YOUR OBJECTIVE: Write out word for word the lines from the one holding "professionals-having-fun-conversation" through the end of the data, and only those lines. Pictures stay out.

START INFORMATION SUPPLIED

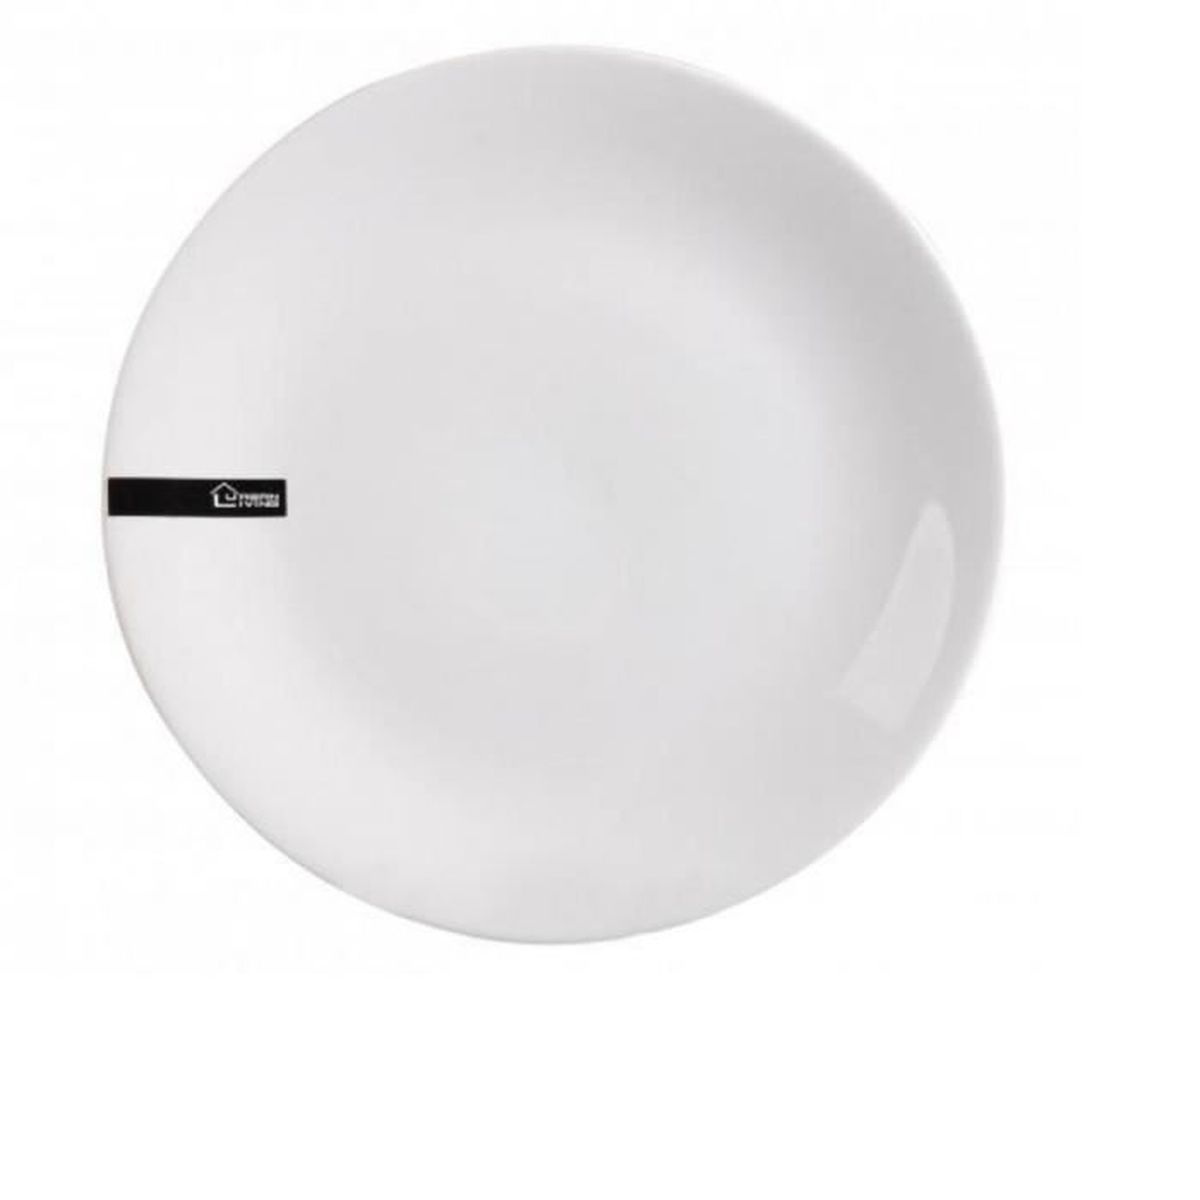 assiette plate 25 cm. Black Bedroom Furniture Sets. Home Design Ideas
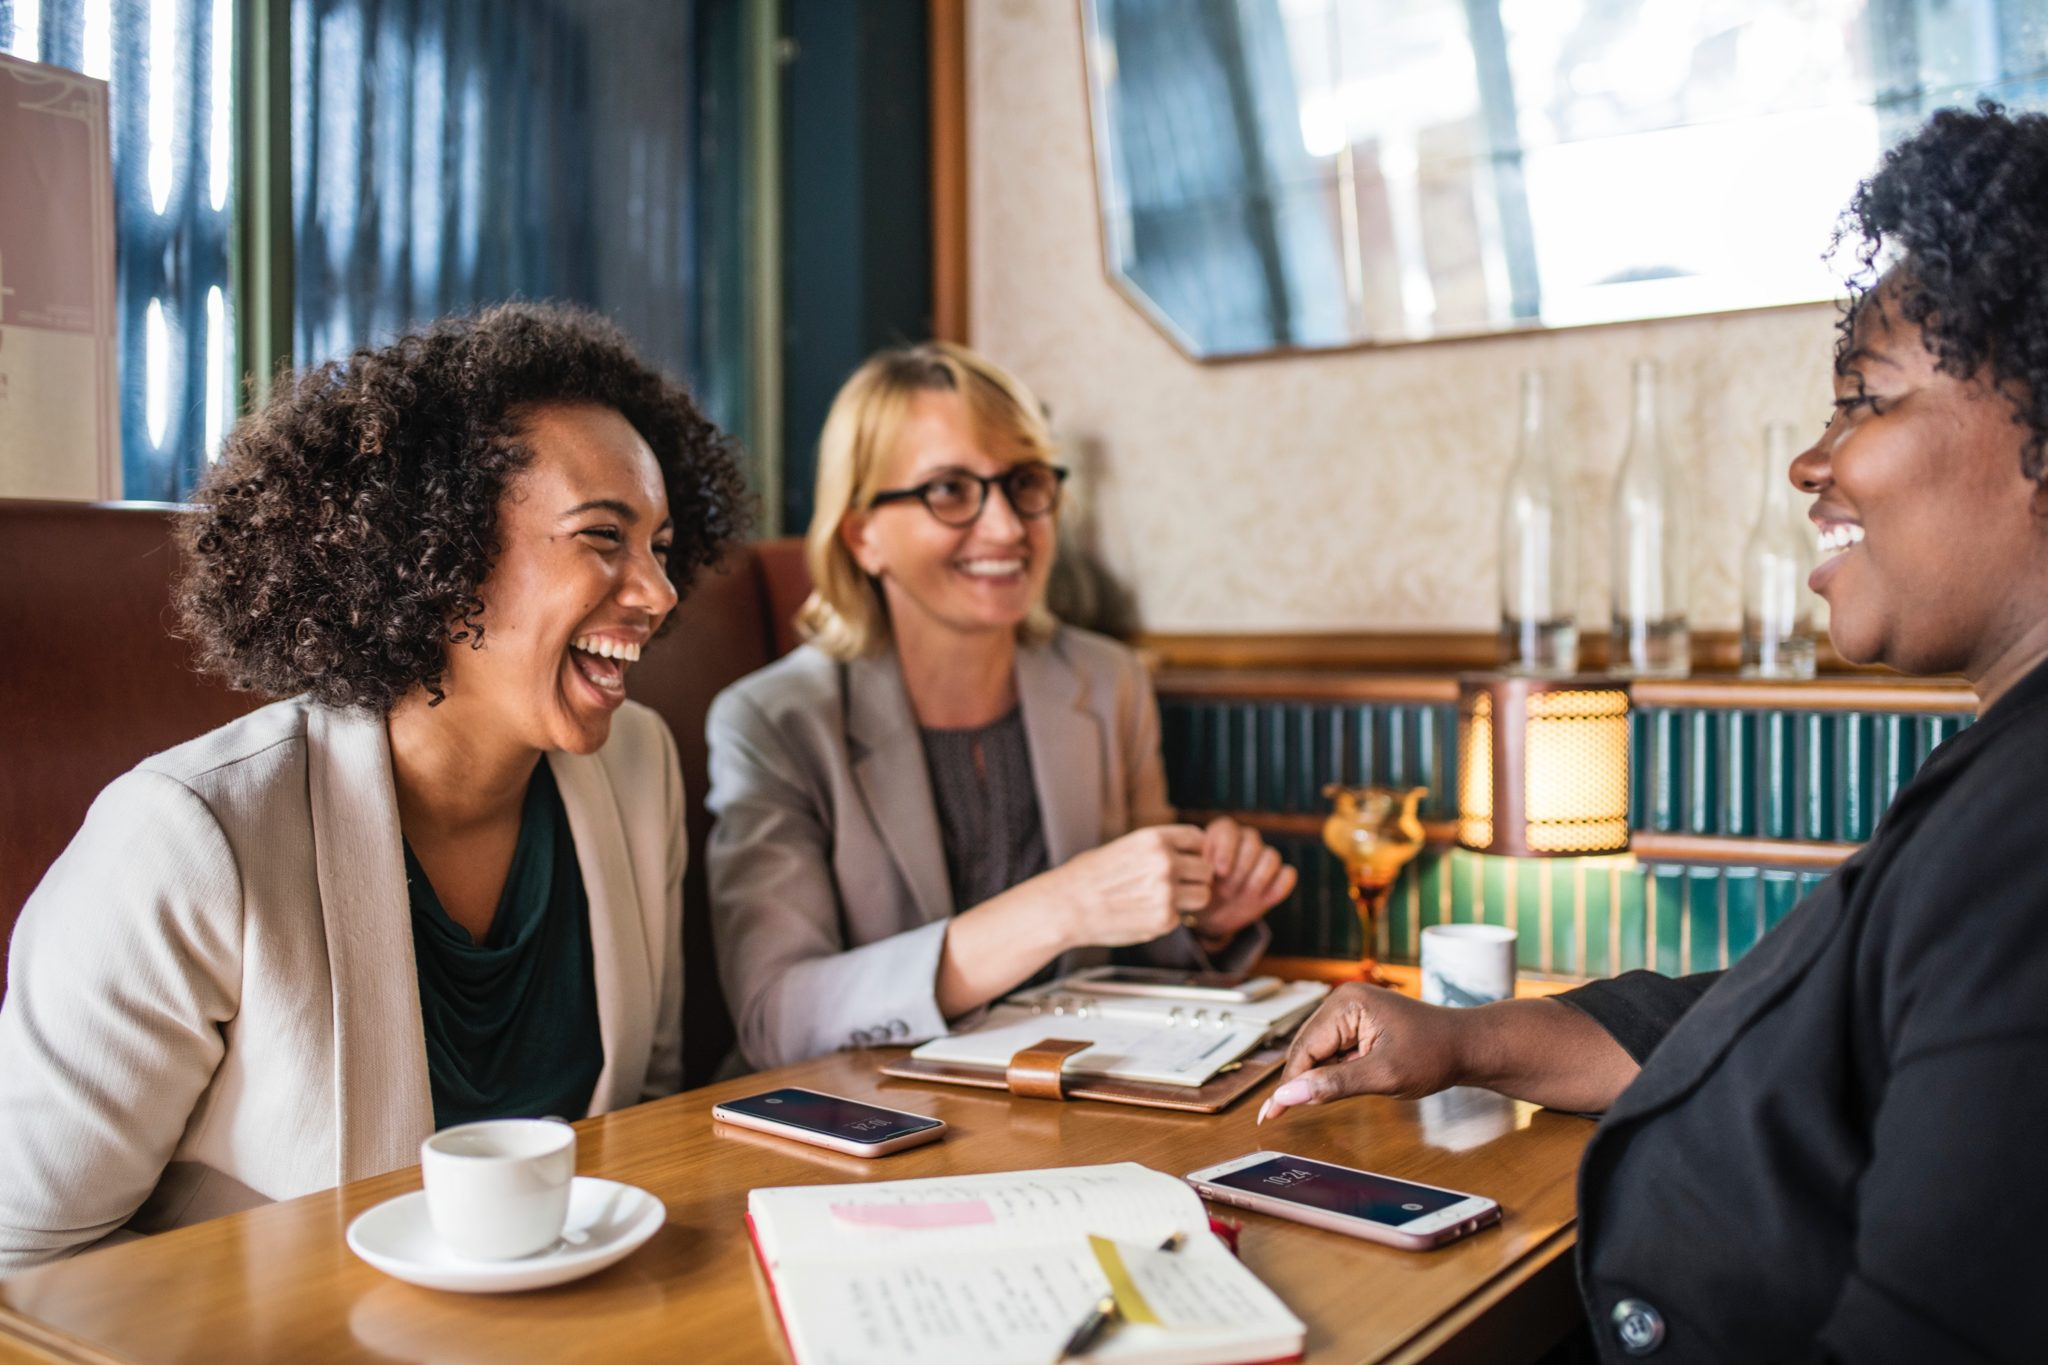 professionals-having-fun-conversation
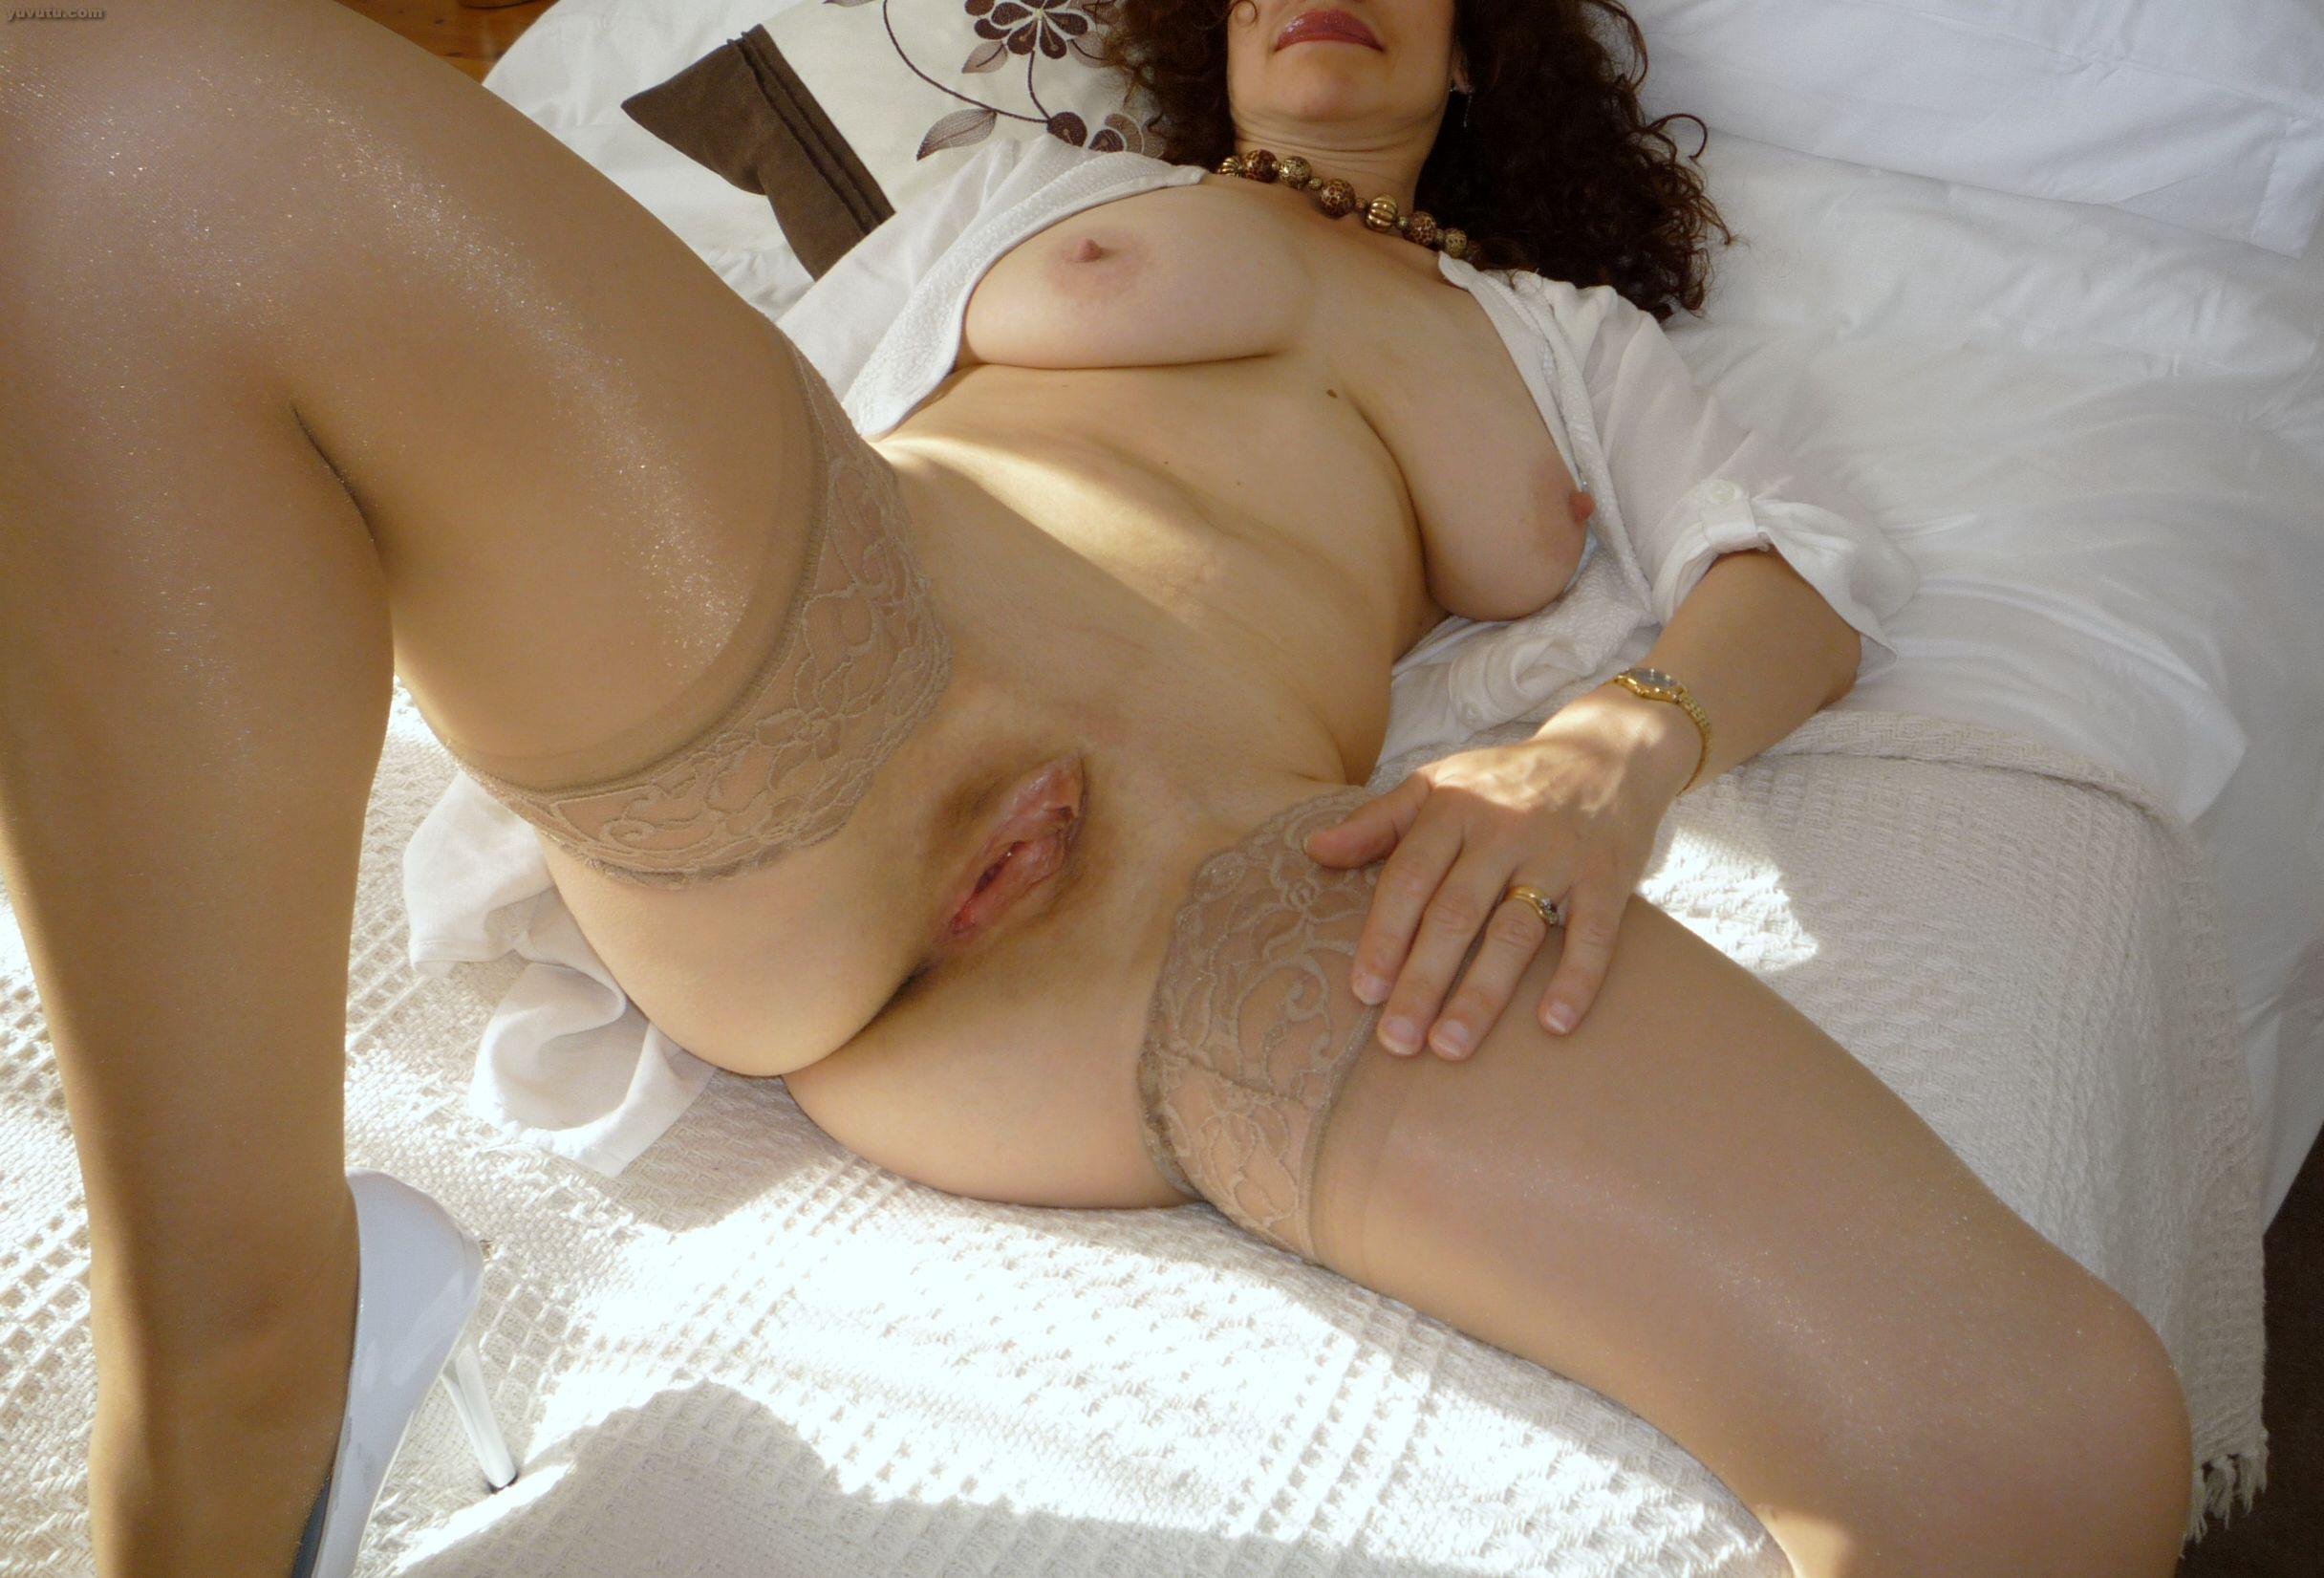 Femjoy nude beach babes
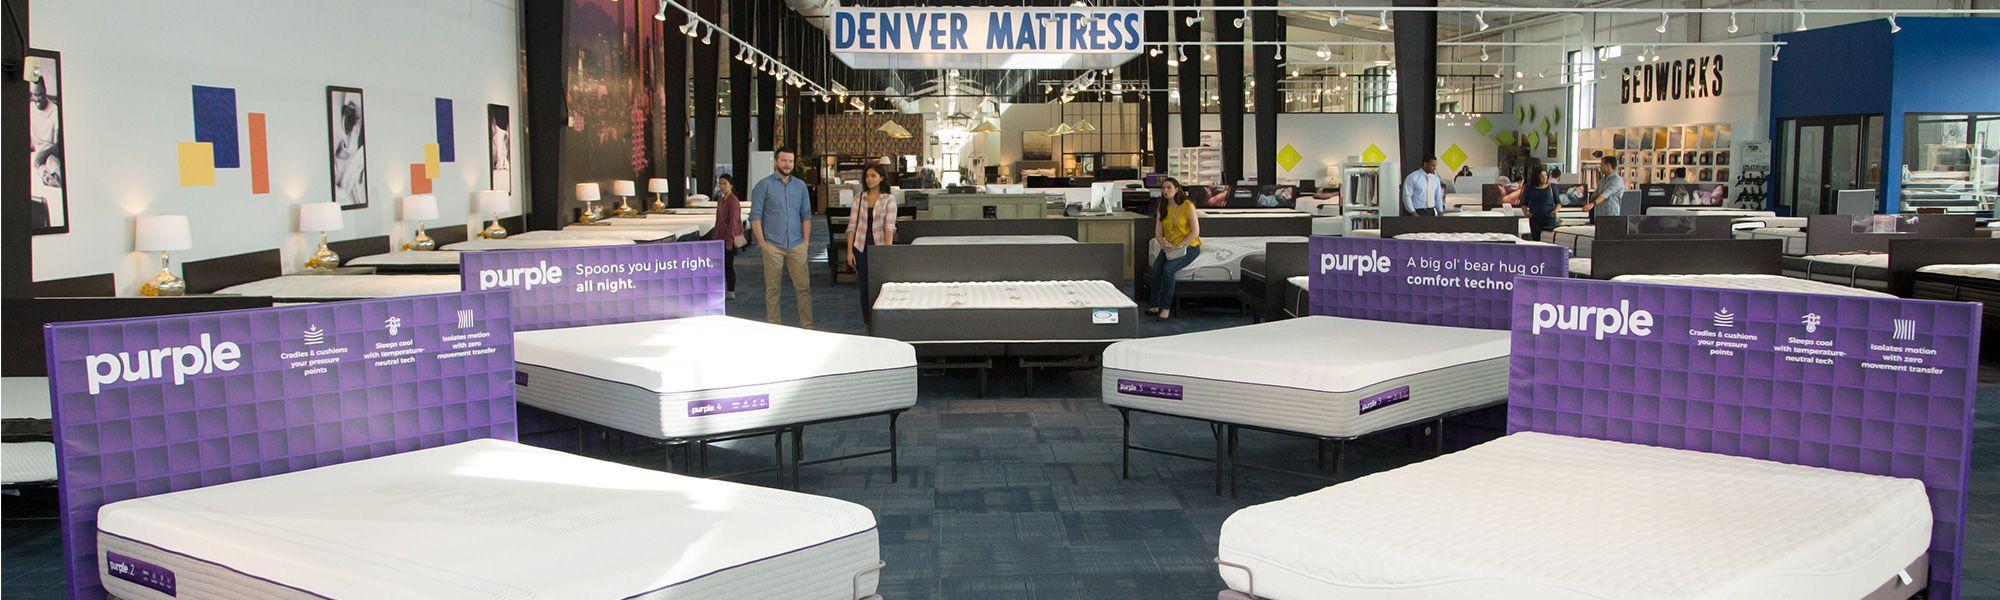 Purple in Denver Mattress Store

END INFORMATION SUPPLIED

OUTPUT FOR THIS TASK:
 professionals-having-fun-conversation
 Femjoy nude beach babes
 Purple in Denver Mattress Store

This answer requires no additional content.